A sample variance is a measure of the spread of data points around the sample mean, and can be illustrated with a specific example.
Calculating Sample Variance
Here's how the sample variance is calculated and an example using provided data:
Example Data Set:
Let's use the data set: 3, 21, 98, 17, and 9 from the reference.
Step 1: Calculate the Sample Mean
First, find the mean (average) of the data points.
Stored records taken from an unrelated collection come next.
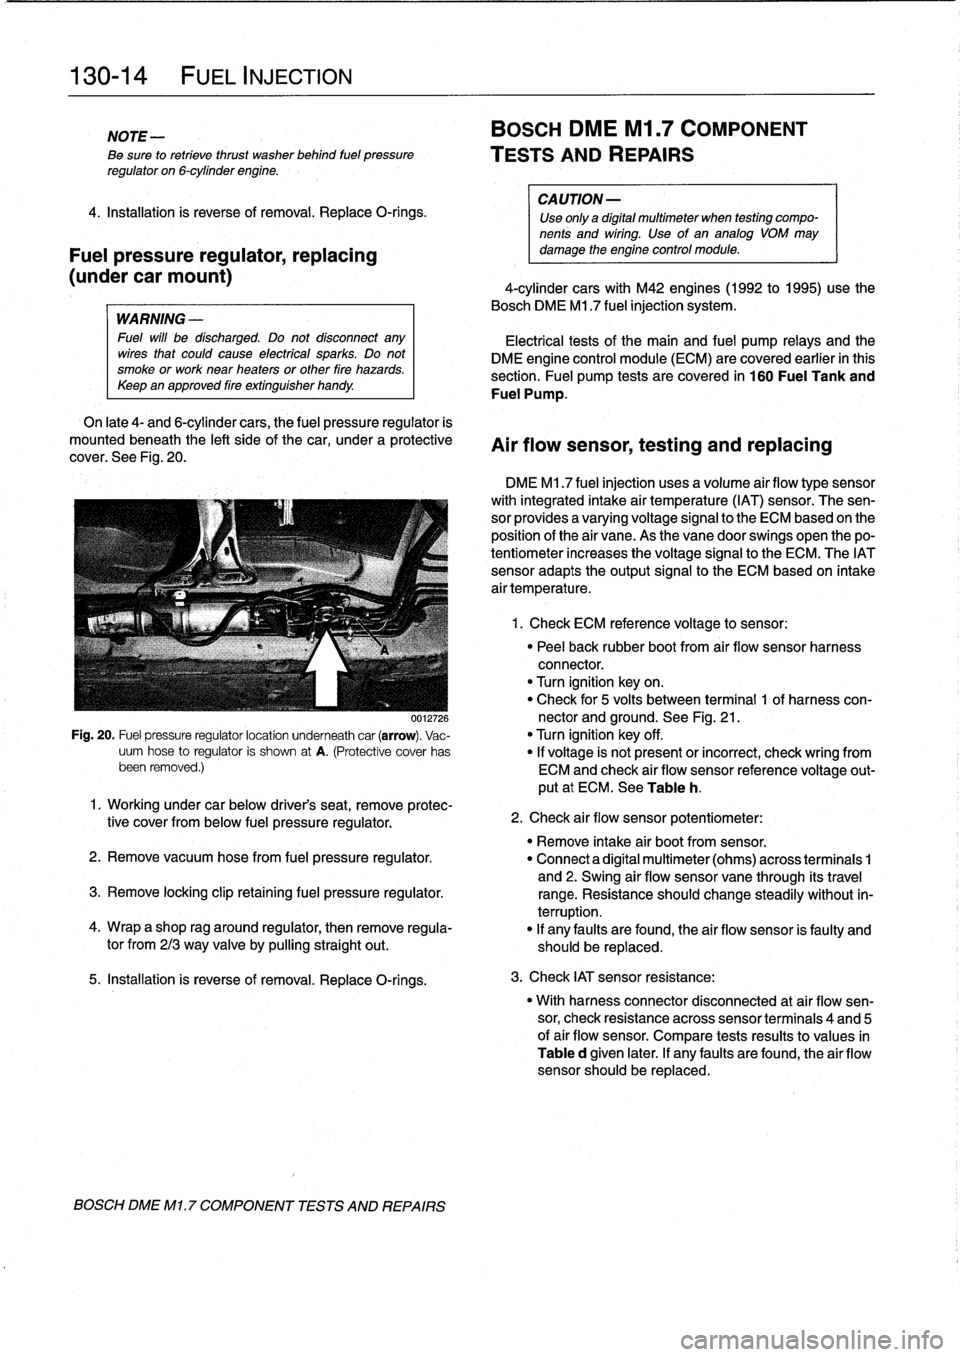 BMW 318i 1997 E36 Workshop Manual 
130-
1
4

	

FUEL
INJECTION

NOTE-

Be
sure
to
retrieve
thrust
washer
behind
fuel
pressure
regulator
on
6-cylinder
engine
.

4
.
Installation
is
reverse
of
removal
.
Replace
O-rings
.

Fuel
pressure
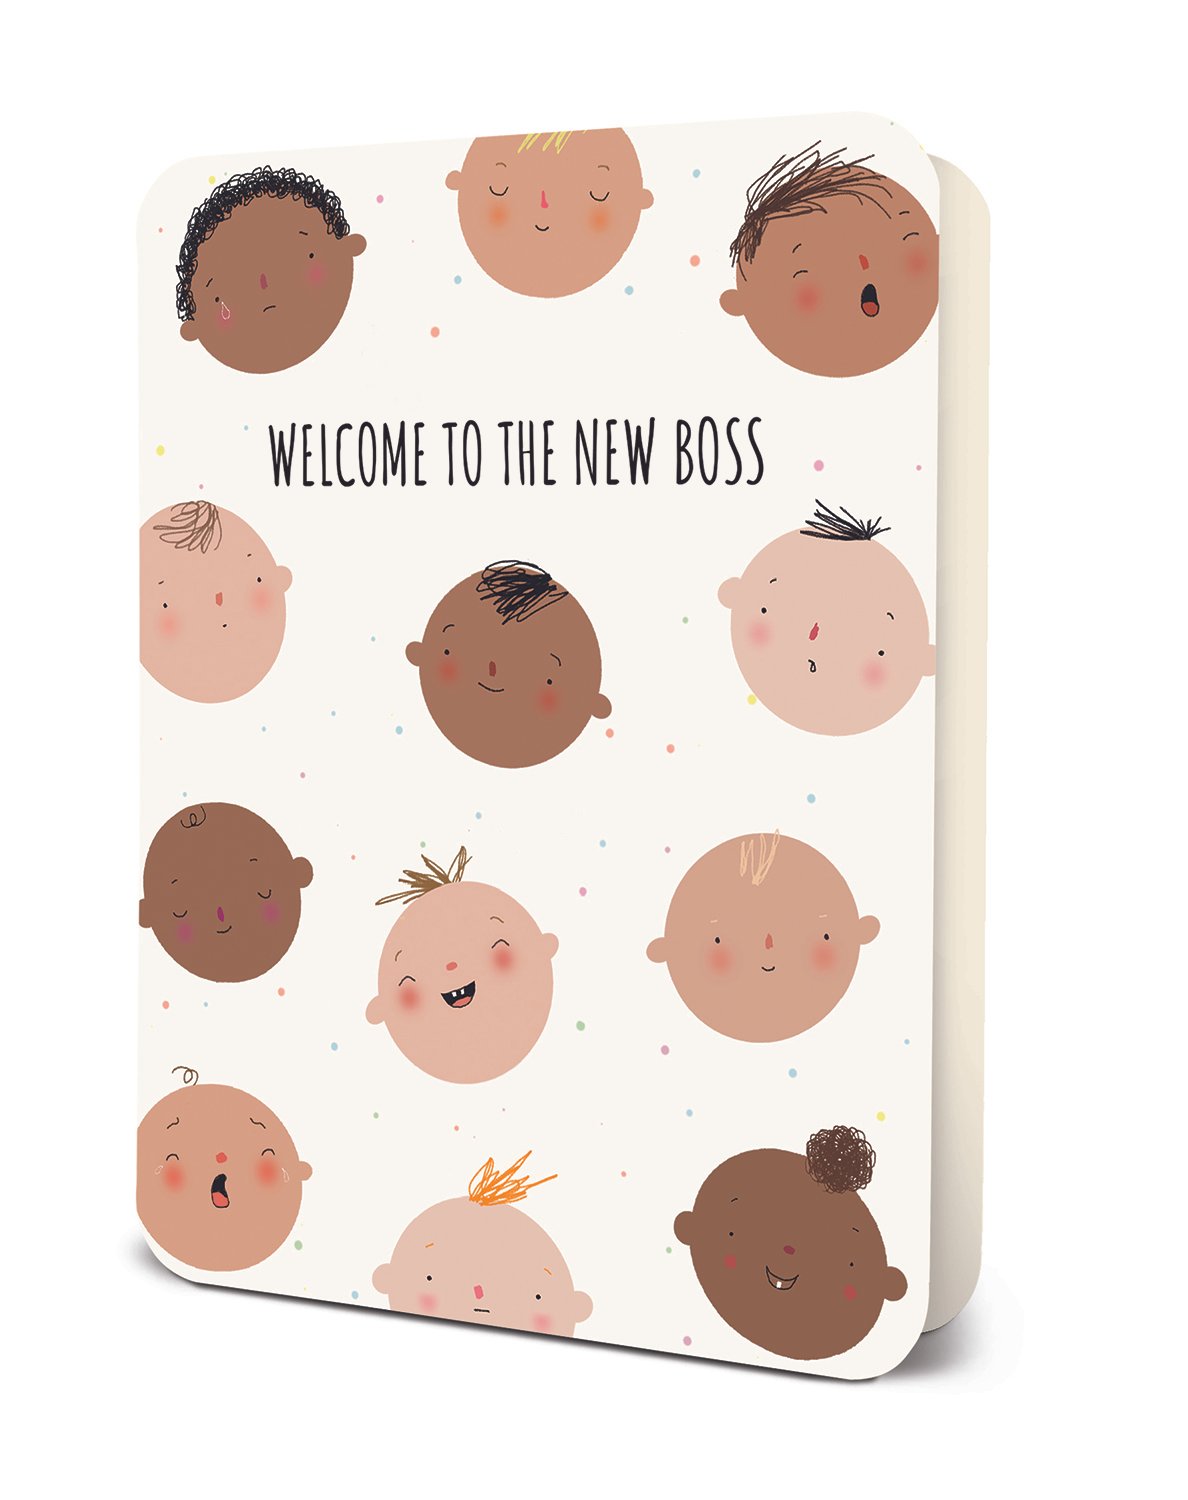 Welcome to the New Boss - Greeting Card Greeting Card Orange Circle Studio

- Sum of data points: 3 + 21 + 98 + 17 + 9 = 148
- Number of data points (n): 5
- Sample mean (x̄) = 148 / 5 = 29.6
Step 2: Calculate Deviations from the Mean
Next, subtract the sample mean from each data point.
- 3 - 29.6 = -26.6
- 21 - 29.6 = -8.6
- 98 - 29.6 = 68.4
- 17 - 29.6 = -12.6
- 9 - 29.6 = -20.6
Step 3: Square the Deviations
Now, square each of these deviations.
- (-26.6)^2 = 707.56
- (-8.6)^2 = 73.96
- (68.4)^2 = 4678.56
- (-12.6)^2 = 158.76
- (-20.6)^2 = 424.36
Step 4: Sum of the Squared Deviations
Add all the squared deviations together:
- 707.56 + 73.96 + 4678.56 + 158.76 + 424.36 = 6043.2
Step 5: Divide by (n-1)
Finally, divide the sum of the squared deviations by (n-1), where n is the number of data points. In this case, n=5 so (n-1) = 4
- Sample variance (s^2) = 6043.2 / (5 - 1) = 6043.2 / 4 = 1510.8
Result
The calculated sample variance for this dataset is 1510.8
Understanding Sample Variance
The sample variance is an essential concept in statistics. It helps to determine how spread out data is, using the sample mean as a reference. A higher sample variance means that the data points are more scattered around the mean, while a lower variance indicates that the data points are closer to the mean. Sample variance is used for sample data, whereas population variance is used for the population.